What you should do:
The data is to be repeated exactly, with the images removed.
== Information provided
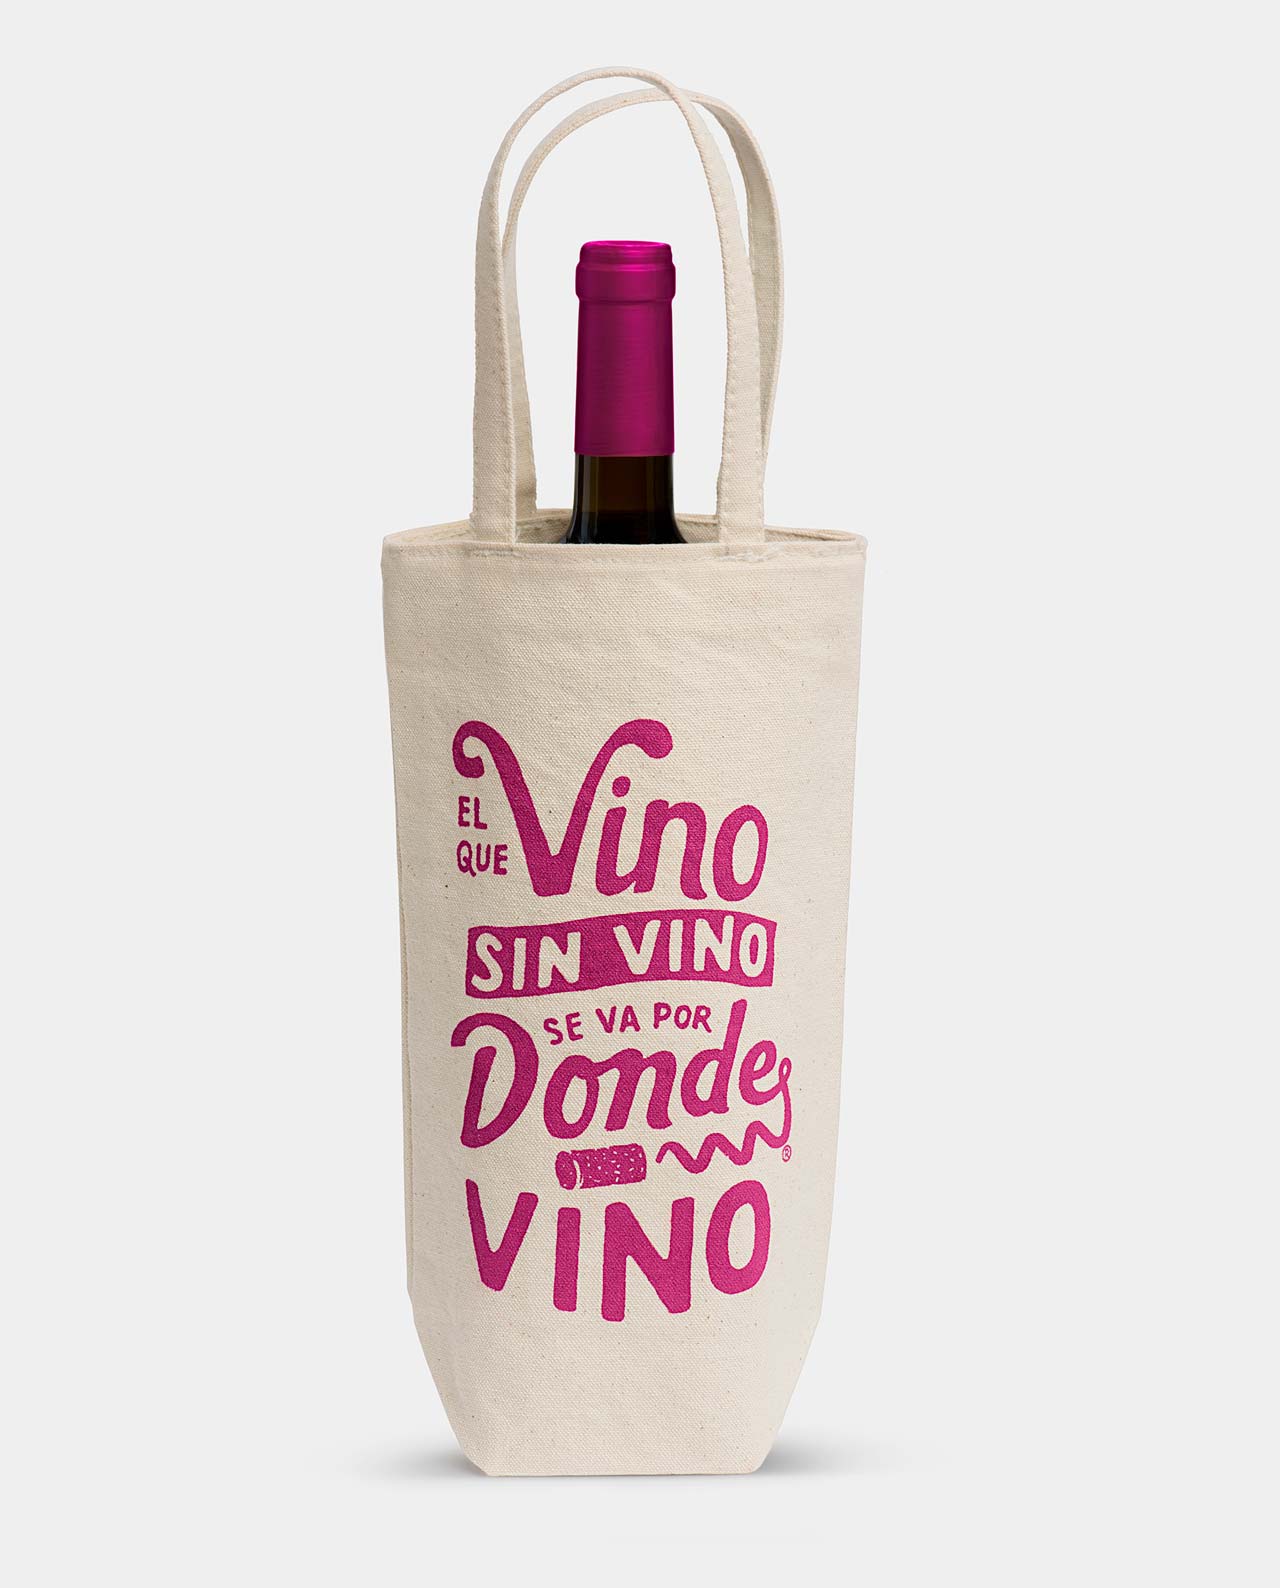 La bolsa ideal para regalar vino.El que Vino sin Vino se va por
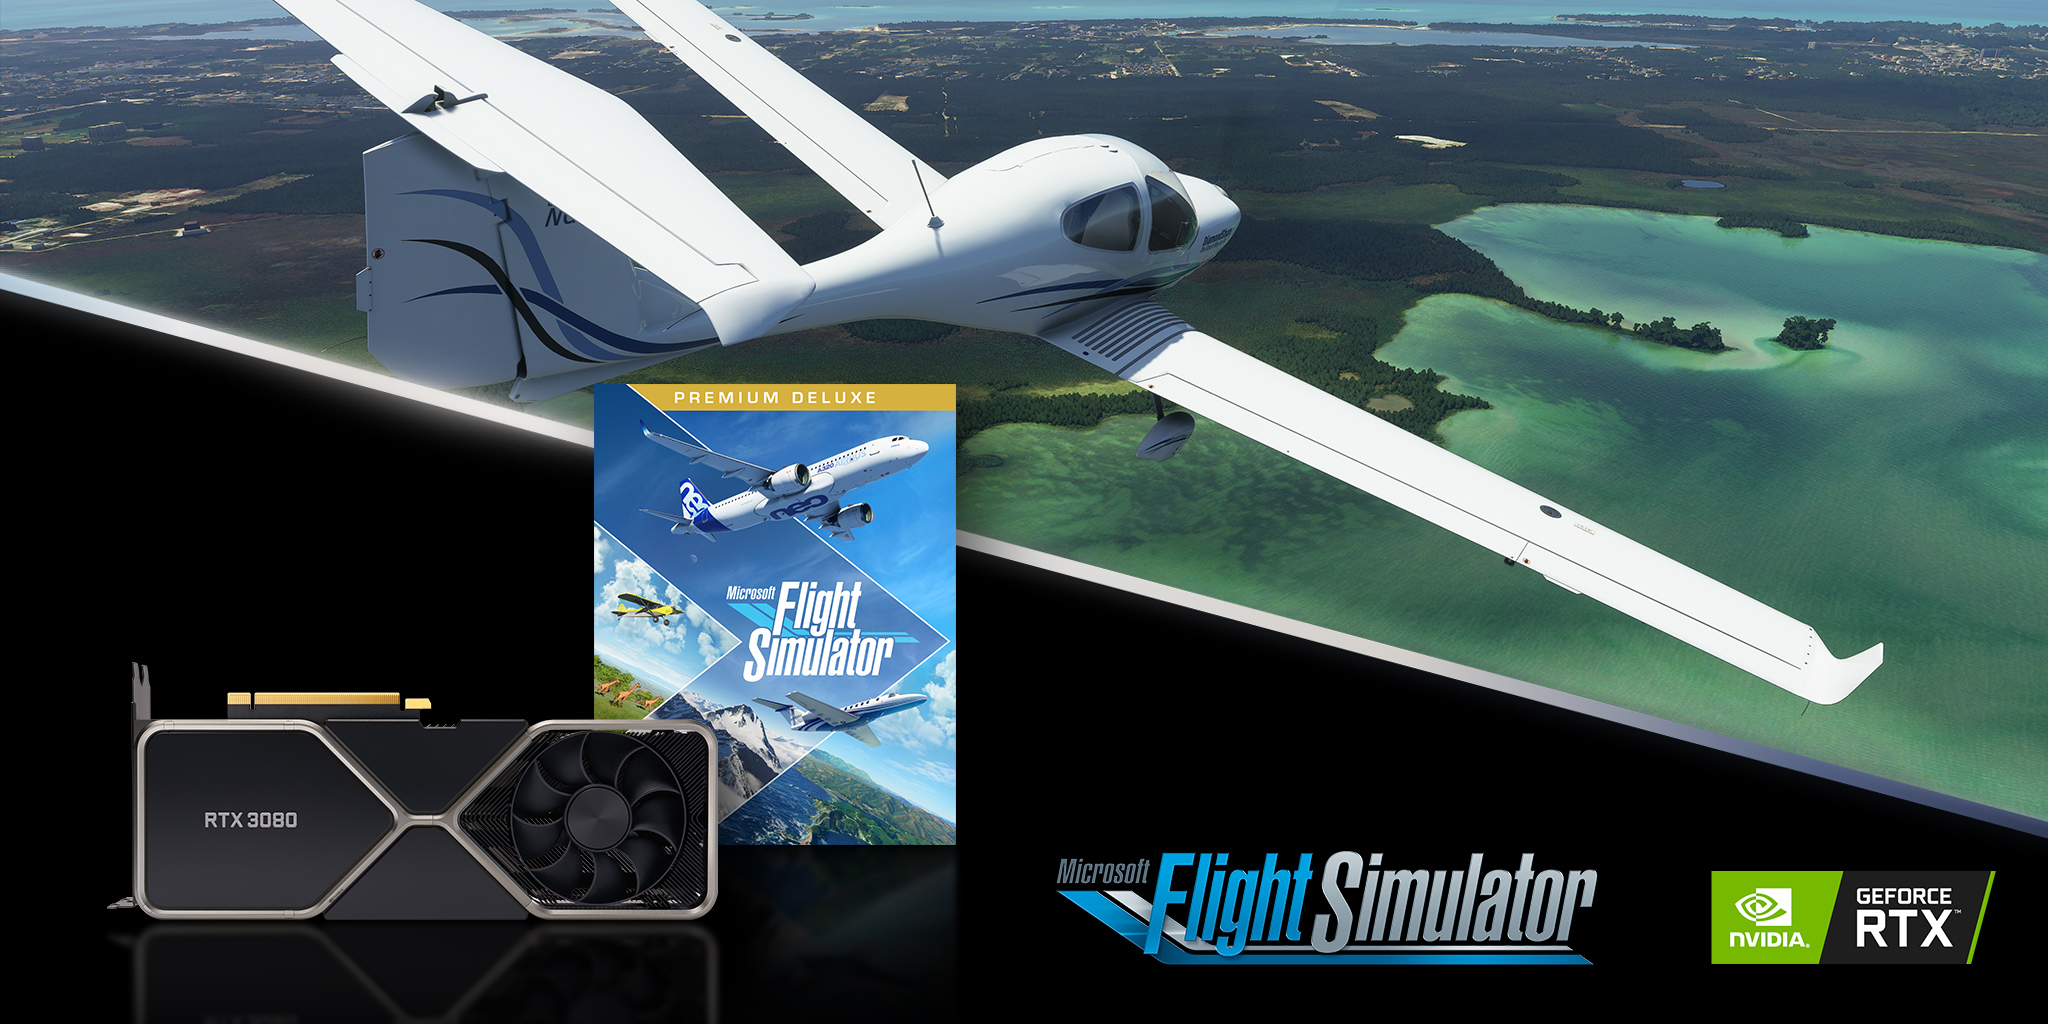 Microsoft Flight Simulator 2020 Benchmarks, Performance and System
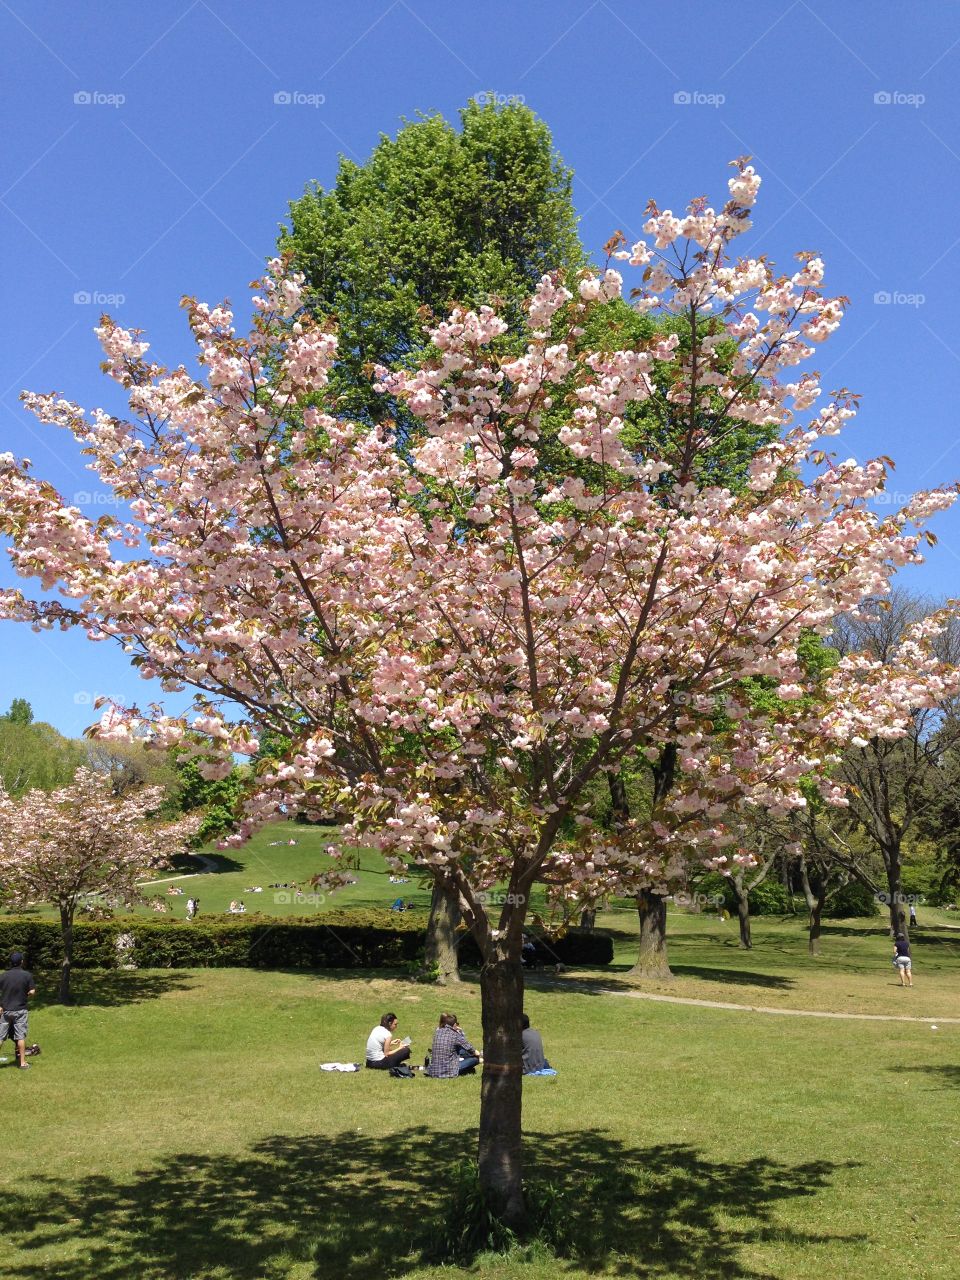 Tree, Flower, Cherry, Park, Landscape
====
Response to this exercise:
 La bolsa ideal para regalar vino.El que Vino sin Vino se va por
 Microsoft Flight Simulator 2020 Benchmarks, Performance and System
 Tree, Flower, Cherry, Park, Landscape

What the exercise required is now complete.